CANDELARIA 
BERGERO




The greenhouse gas emissions caused by our energy system threaten a sustainable future. To overcome this threat, we need to transition towards cleaner energy forms. We have to change nearly everything around us: from the way we heat our homes, to the way we power our planes and produce our steel. My research focuses on how we can achieve this transition and on the environmental justice implications for people like you and me.

My passion is to establish a symbiotic relationship with our planet and with one another.



     


Technology, technology, technology: an integrated assessment of deep decarbonization pathways for the Canadian oil sands
2022
Photo by Chris Liverani on Unsplash

Energy Strategy Reviews

Candelaria Bergero, Matthew Binsted, Osama Younis, Evan G.R. Davies, Muhammad-Shahid Siddiqui, Rui Xing, Evan J. Arbuckle, Diego V. Chiappori, Jay Fuhrman, Haewon McJeon, Nick Macaluso

DOI:  10.1016/j.esr.2022.100804
As a party to the Paris Agreement, Canada has an ambitious climate target of net-zero emissions by 2050. The country also holds the world's third largest oil reserves in the Alberta oil sands. Given increasing emissions from the oil sands sector, achieving Canada's net-zero target requires significant oil sands decarbonization. If, while phasing out fossil fuels, there is still a demand for Canadian oil sands, then the decarbonization of the resource production process becomes crucial. In this study, we use an enhanced version of the Global Change Analysis Model (GCAM) with a detailed unconventional oil sector for Canada, including mining and in situ resources. We ask, what is the future of the oil sands sector in deeply decarbonized global and Canadian economies? We address this question under four mitigation scenarios with varying global net-zero GHG emissions constraints, three additional representative lower carbon extraction technologies available for the oil sands sector, as well as global direct air capture (DAC) deployment. We find that lower carbon technology deployment allows a 20%44% increase in oil sands production by 2050 for scenarios with net-zero GHG emissions in 2100 or 2075. DAC helps maintain oil sands production in the most ambitious global decarbonization scenario (net-zero GHG by 2050), without which low international oil demand makes Canadian oil sands production uncompetitive. Canadian oil sands production thus depends highly on the availability of lower carbon extraction technologies and international oil demand, which to a certain extent relies on the availability and global deployment of negative emissions technologies.

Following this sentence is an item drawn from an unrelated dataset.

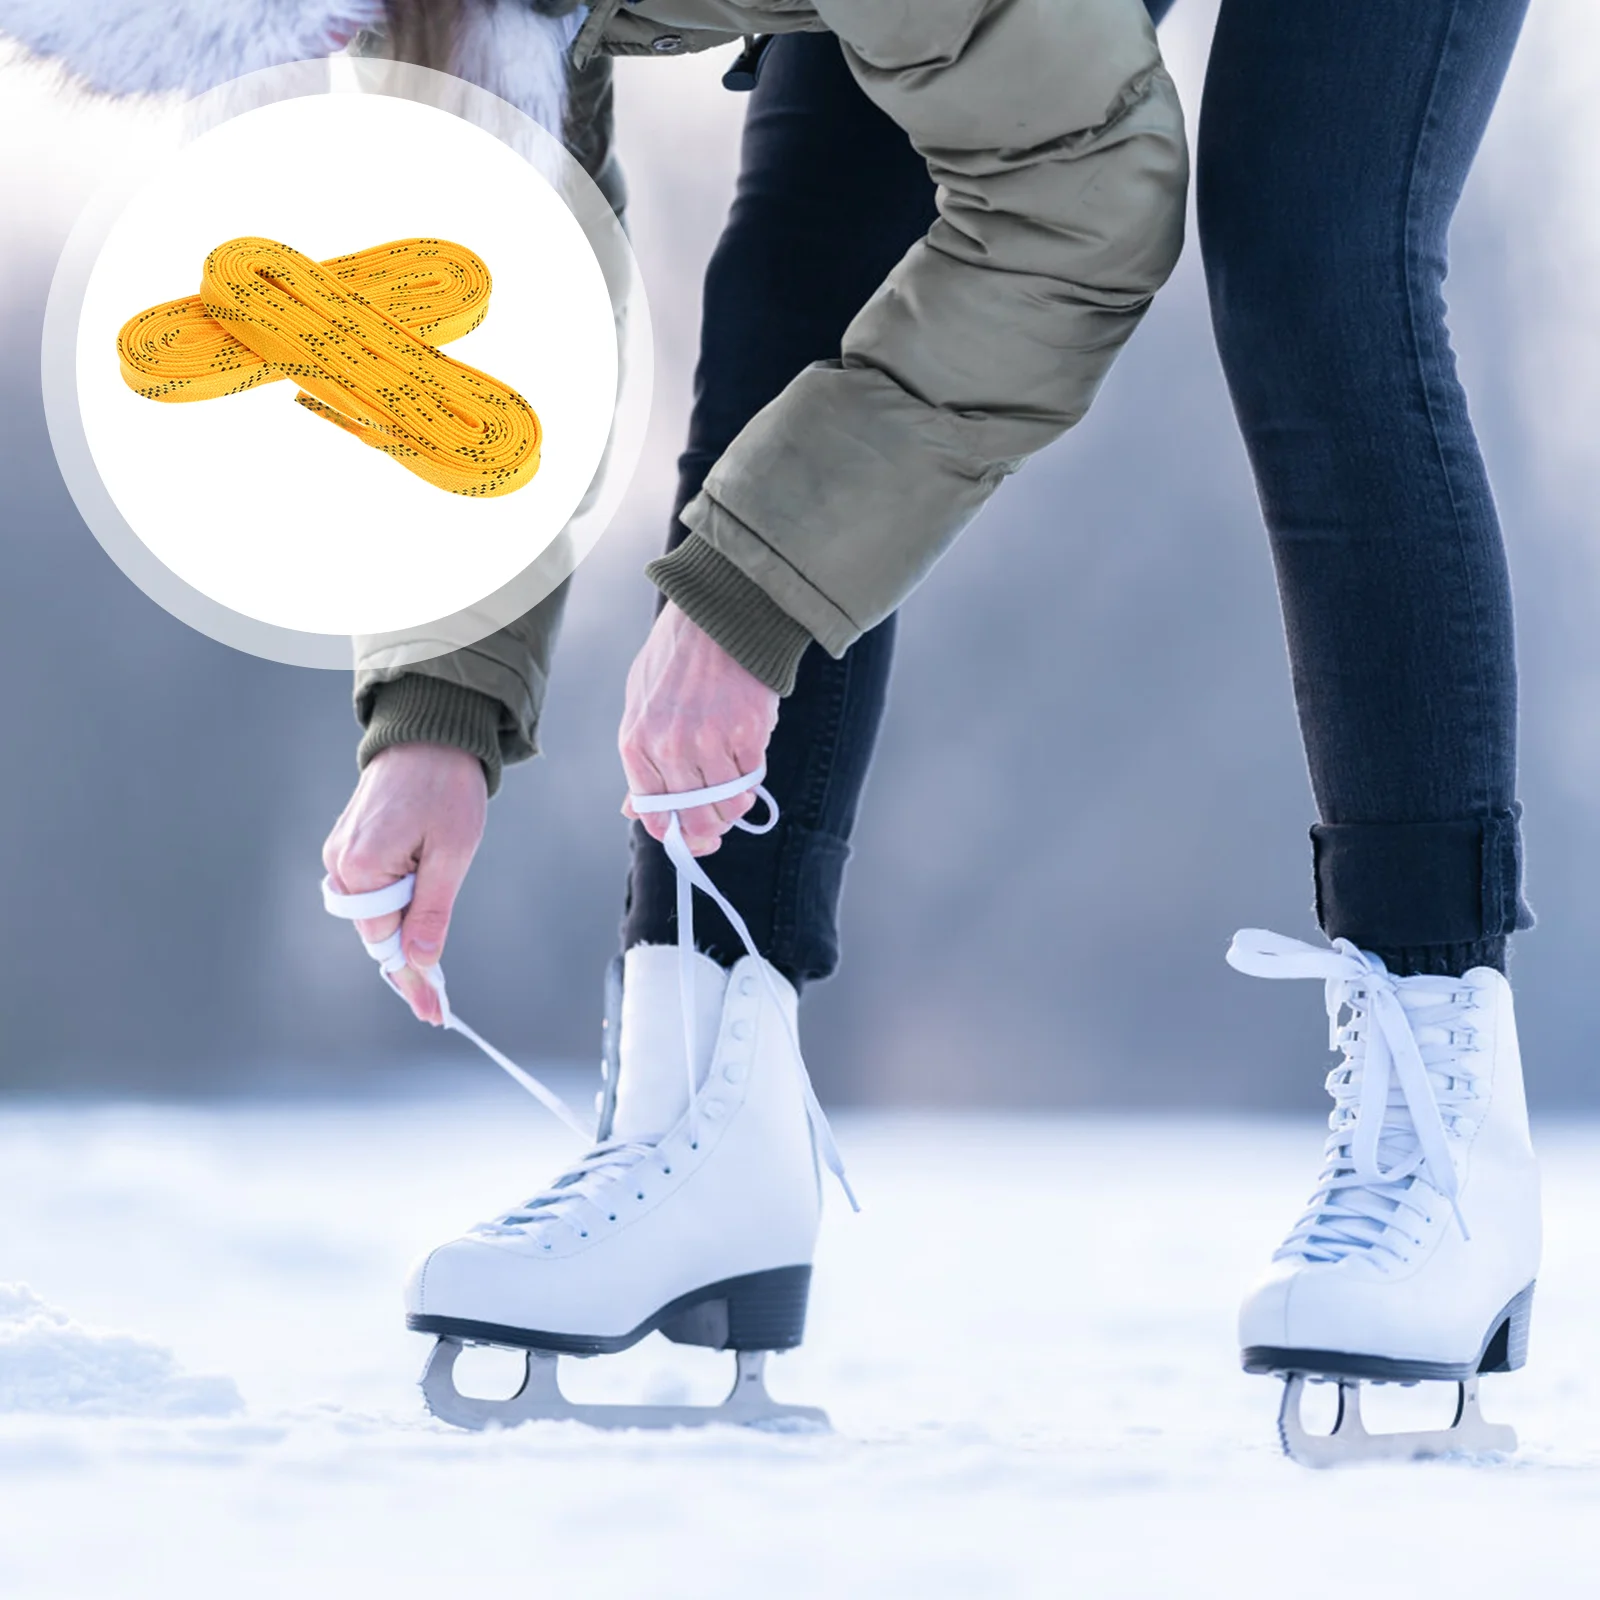 

Professional Ice Hockey Skate Laces Waxed Shoelaces Anti-Freezing Anti-Fracture Shoe Laces for Sports Skiing Hockey

Canadian Unconventional Oil Production and Carbon Intensity (Existing Technologies vs. Lower Carbon Technologies, No DAC) Panel A. Canadian Unconventional Oil Production in EJ Panel B. Canadian Unconventional Oil Production Carbon Intensity in MtCO2 per EJ
Canadian Unconventional Oil Production by Technology (Lower Carbon Technologies, DAC). Panel A. By scenario, years 2015–2050 Panel B. By years 2030 and 2050, all scenarios.
Oil sands modeling in GCAM includes an unconventional oil resource extracted through mining and in situ processes by different technologies. The extracted unconventional oil is then refined and demanded by the three end-use sectors from GCAM: industry, buildings, and transportation.